Ask HN: please review RentMethod - mu100

RentMethod allows landlords/property managers to quickly and easily screen potential tenants by just entering in a tenant’s email address. The tenant verifies their identity and pays for the screen directly, and the landlord/manager receives a detailed report (credit score, background check, eviction notices, etc).<p>We would love to hear what the HN community thinks of what we’ve built. With limited UI/UX expertise in-house, we hacked together the front-end of the application and would certainly appreciate some feedback for future direction.<p>http://www.rentmethod.com<p>Thanks in advance for taking the time to check out our stuff!
======
dgunn
This is an awesome idea.

I’m not a landlord and have no use at all for this, but I really like it so
I’ve decided I’m qualified to weigh in. Instead of being specifically designed
for landlords, you should be more agnostic about who uses it.
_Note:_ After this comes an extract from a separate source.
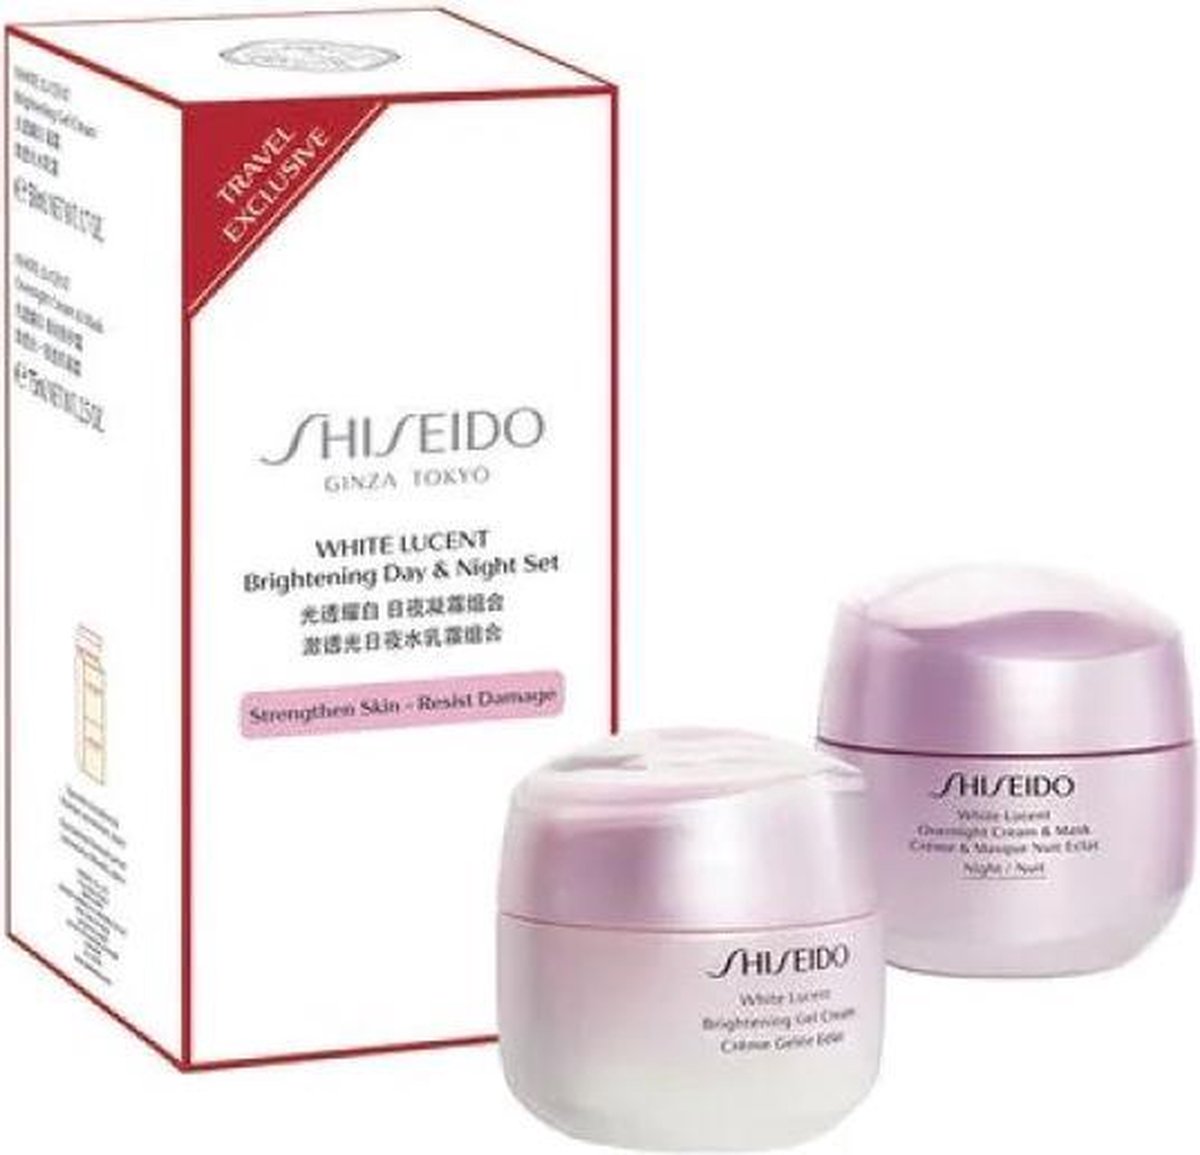 Shiseido White Lucent Day & Night Gel Set 50ml Day Gel + 75ml Night Gel

There are many
reasons to screen people. You probably have horizontal expansion built into
your future plans already, but I wouldn’t sit that idea long as it is
basically usable to other markets already, it’s just not easy for them to find
because they won’t be typing anything about rental property into google.

I think your FAQ comes off as a bit greedy. It should focus on answering
questions about the service not recommending policy to individual landlords.
See the following:

Q: "Whom should I screen?" A: "EVERYONE"

At worst this reads as, "Send people here to give me money." At best it’s
unsolicited advice on how to run my business. There's nothing wrong with
wanting money for your service, but don’t punish the readers by slipping
things like this into FAQ’s. If I’m there to read about RentMethod, it’s
likely that I already have an idea of who I should screen.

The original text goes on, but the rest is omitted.